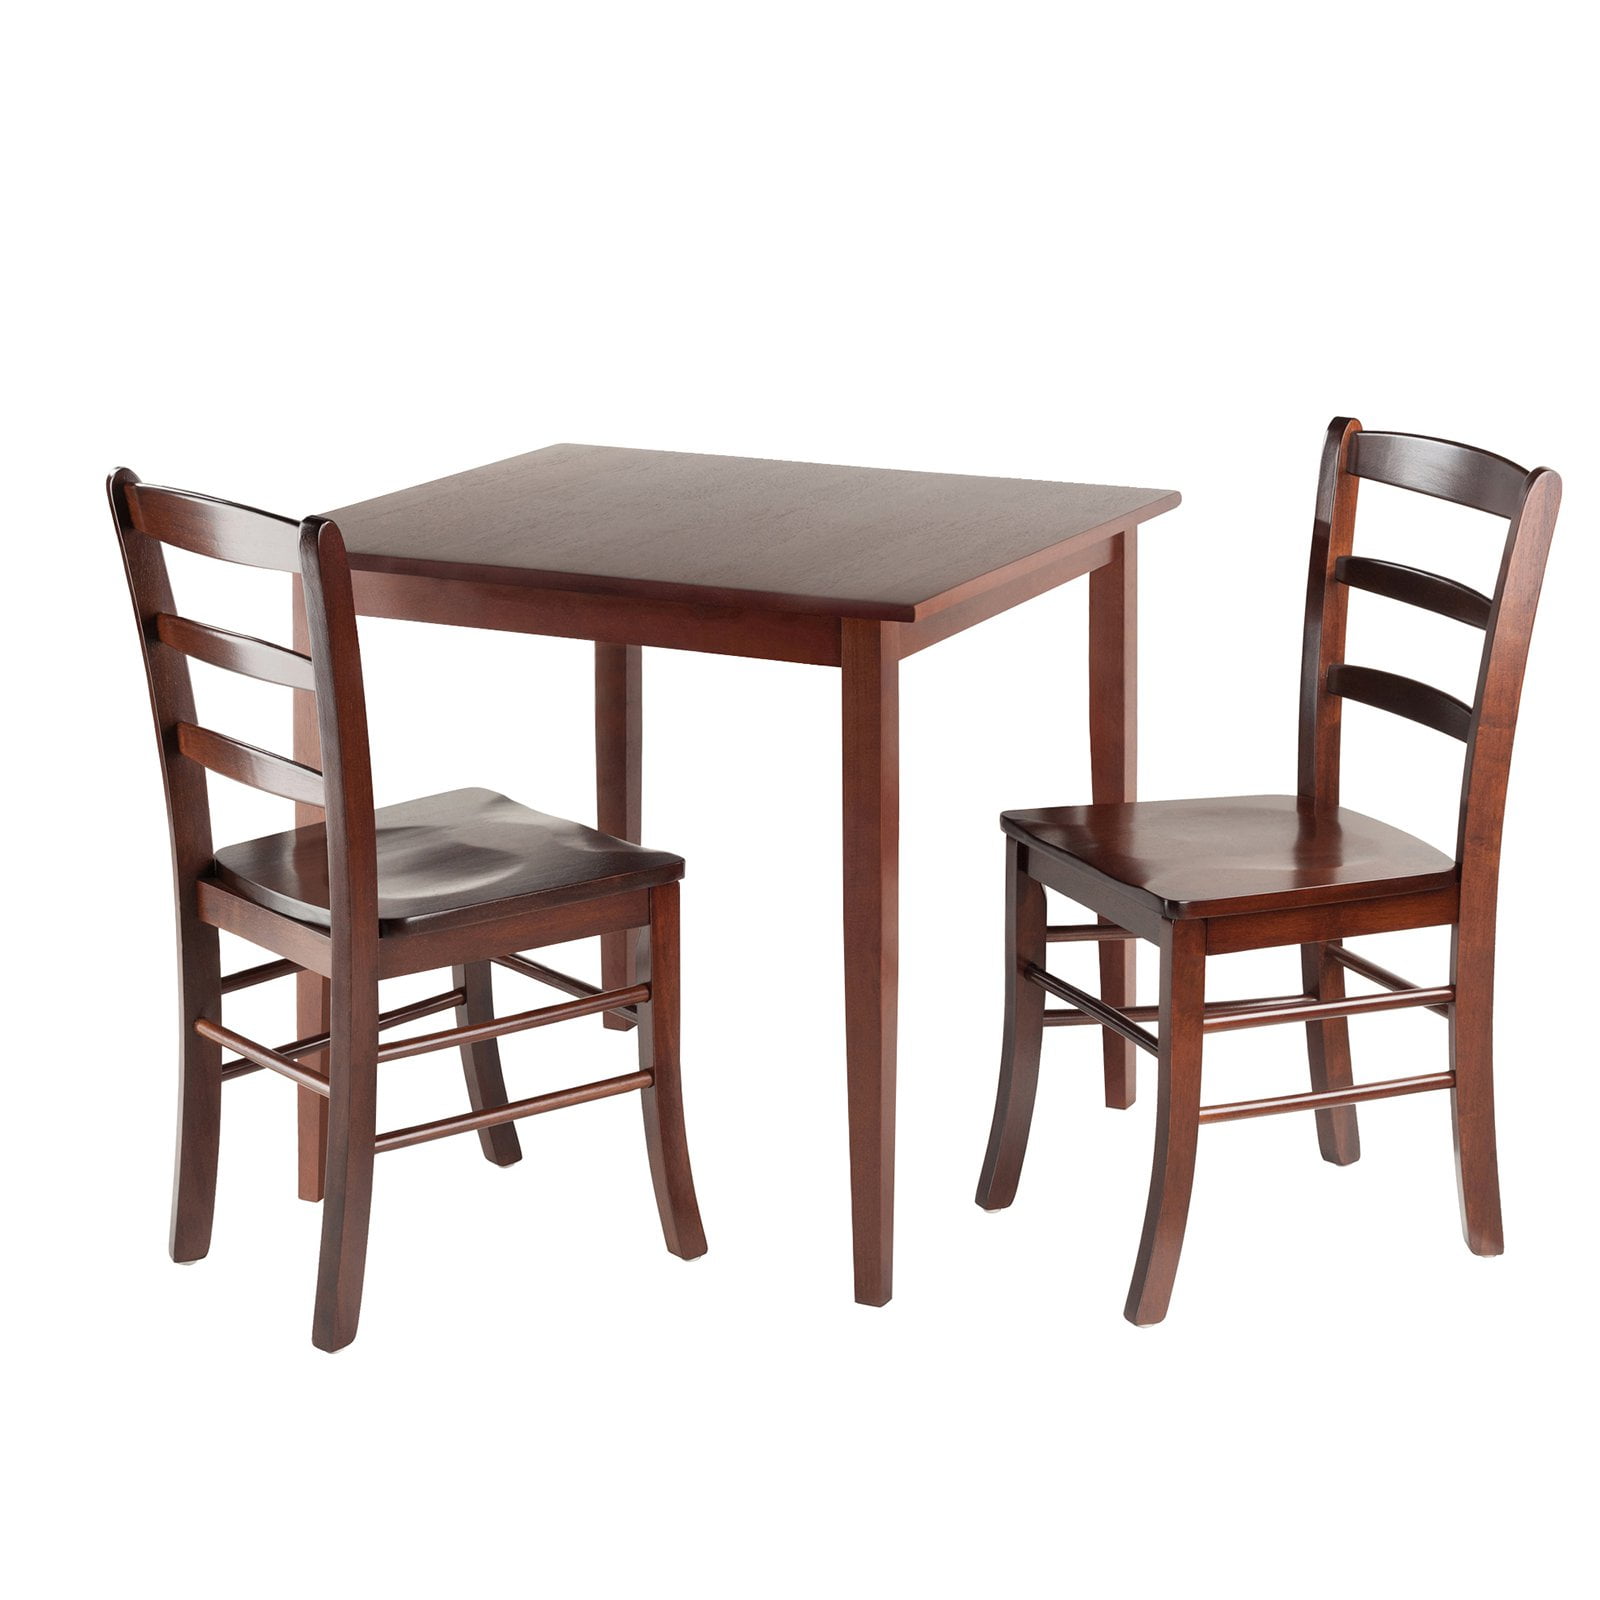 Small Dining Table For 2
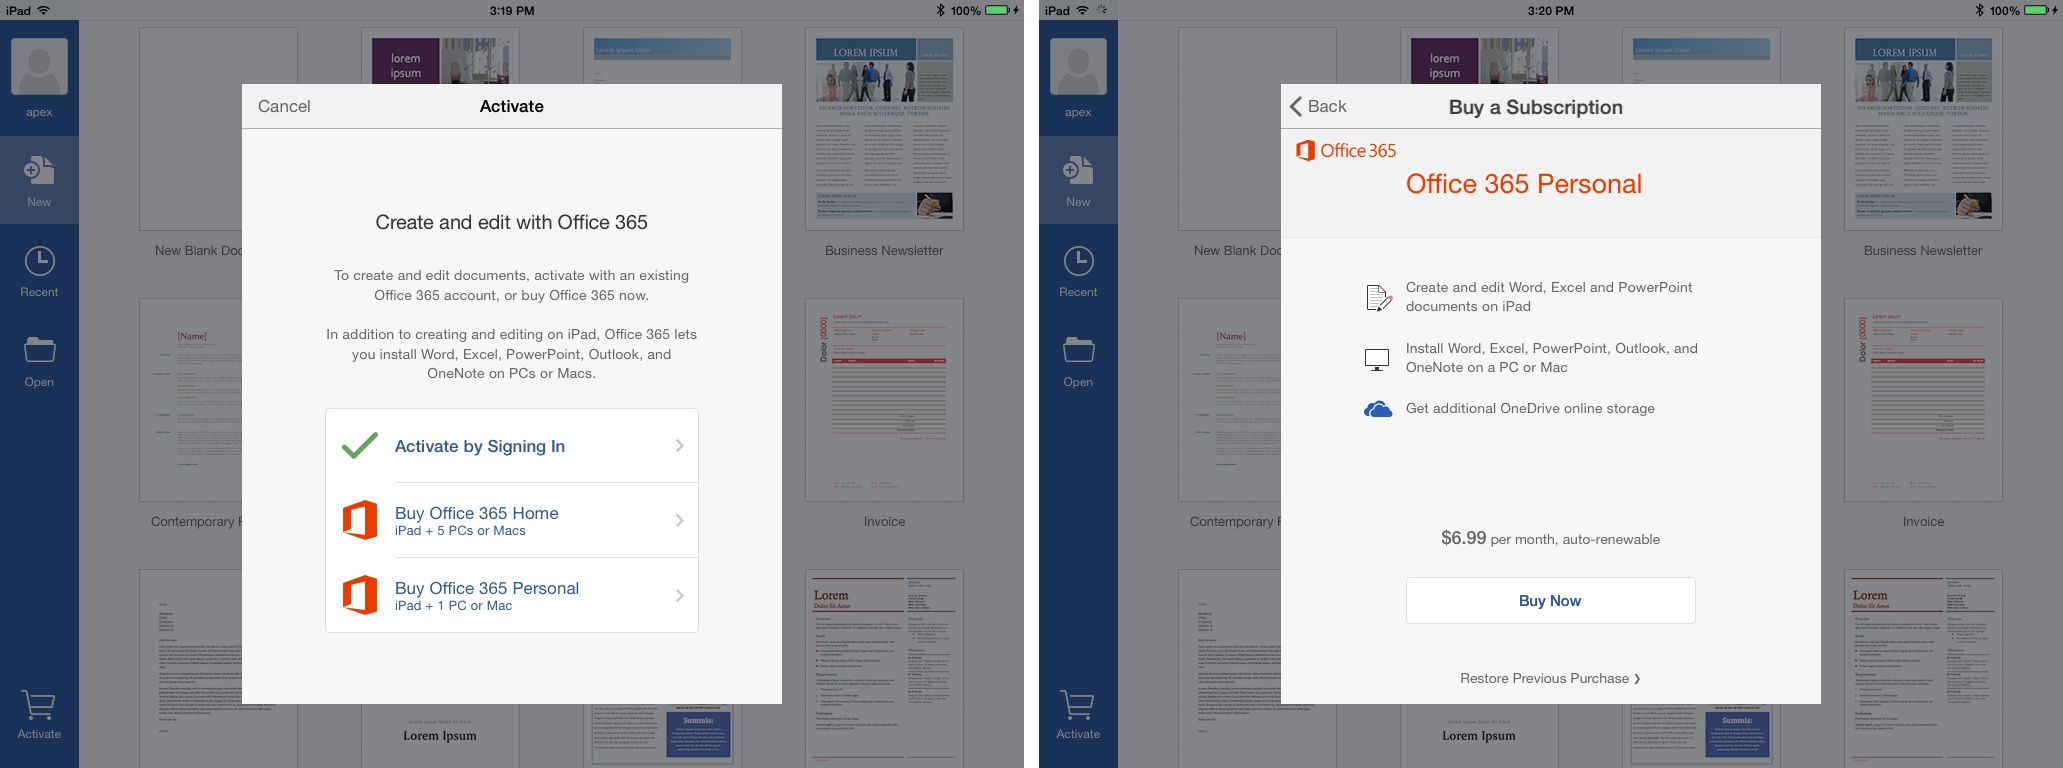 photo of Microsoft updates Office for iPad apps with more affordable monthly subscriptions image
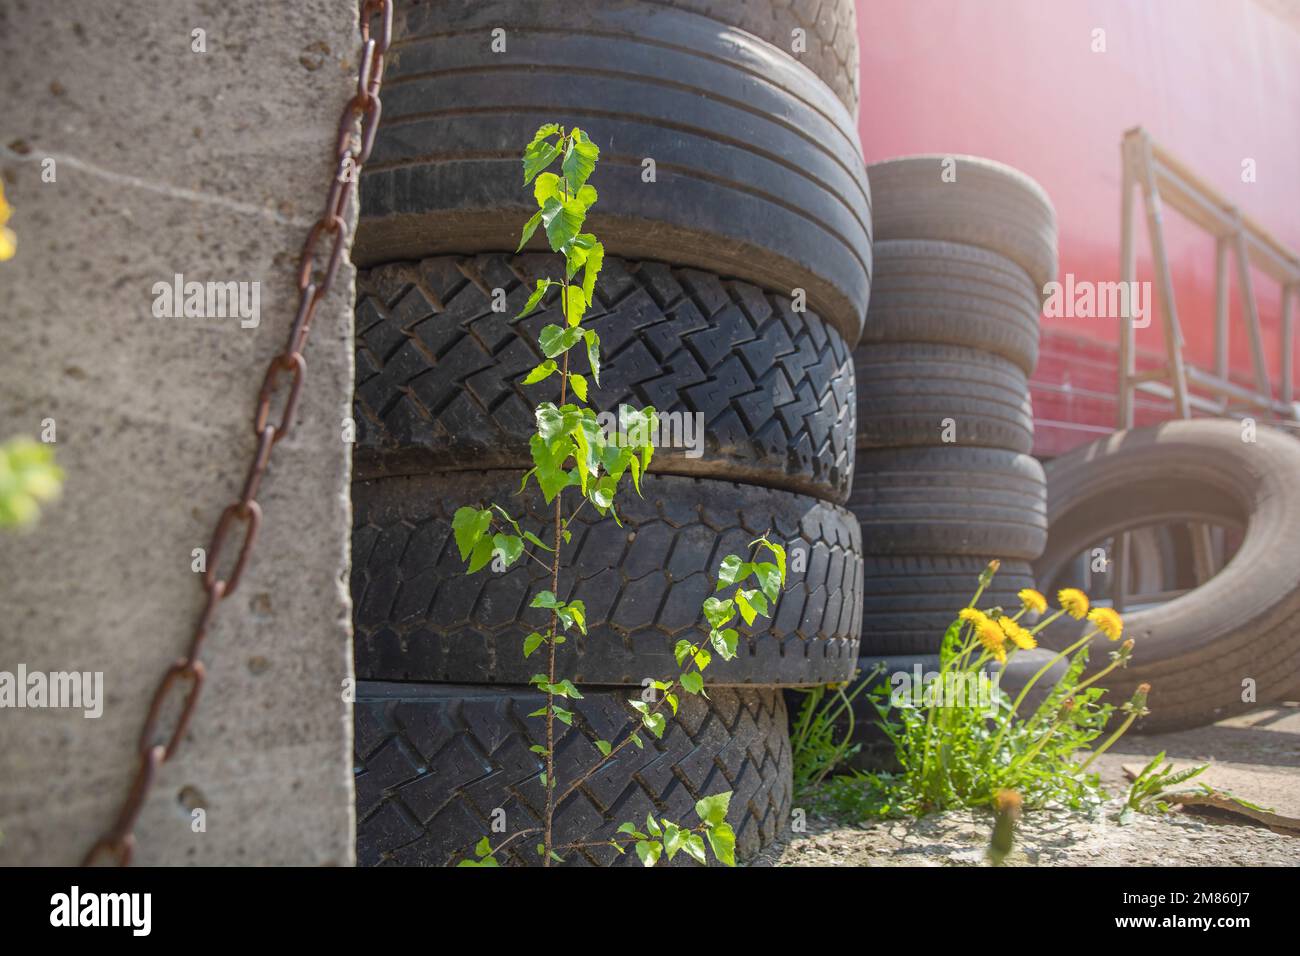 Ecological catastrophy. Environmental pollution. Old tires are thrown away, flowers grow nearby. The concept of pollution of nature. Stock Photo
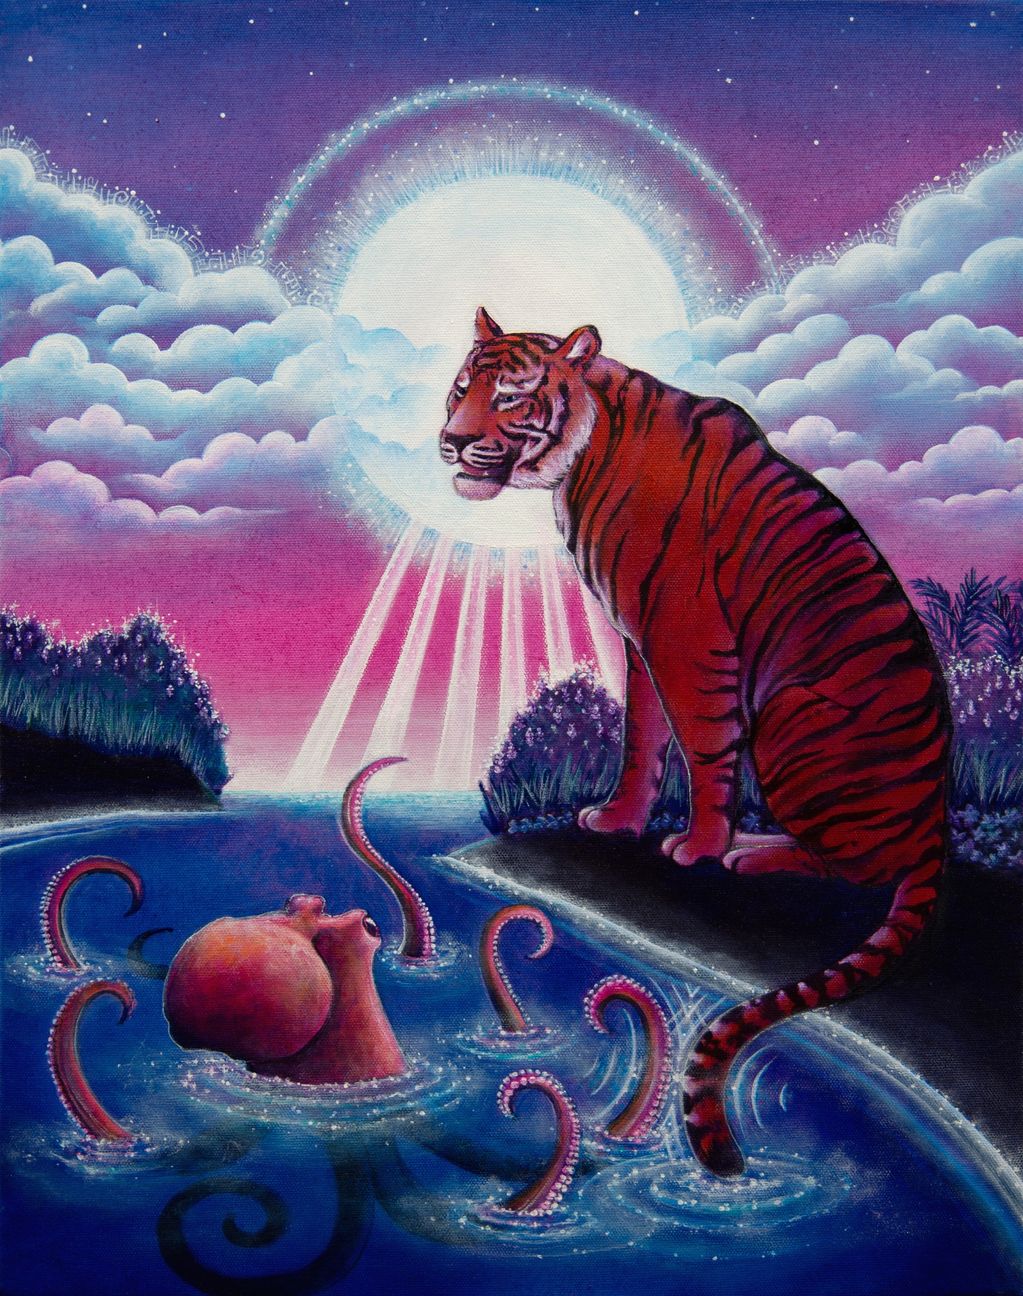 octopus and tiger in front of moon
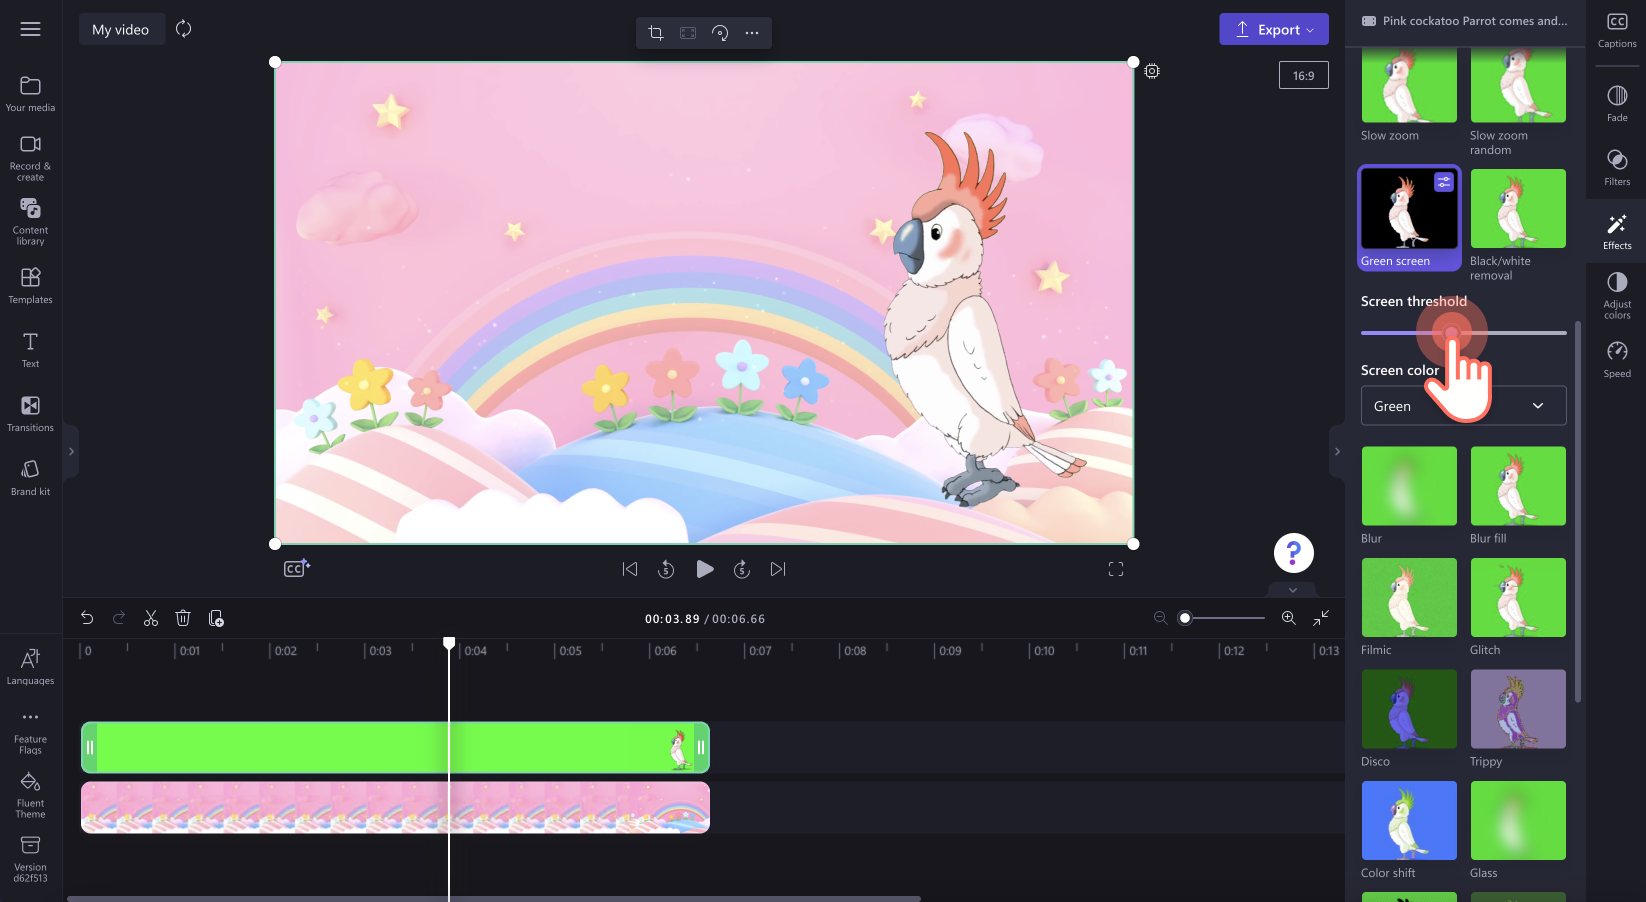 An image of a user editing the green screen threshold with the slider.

What needs to be done: Exactly the lines from the one holding "Ecological catastrophy. Environmental" through the last line of the entries must be set down, with nothing added and no pictures.

Task answer:
 Ecological catastrophy. Environmental pollution. Old tires are thrown away, flowers grow nearby. The concept of pollution of nature. Stock Photo
 octopus and tiger in front of moon
 An image of a user editing the green screen threshold with the slider.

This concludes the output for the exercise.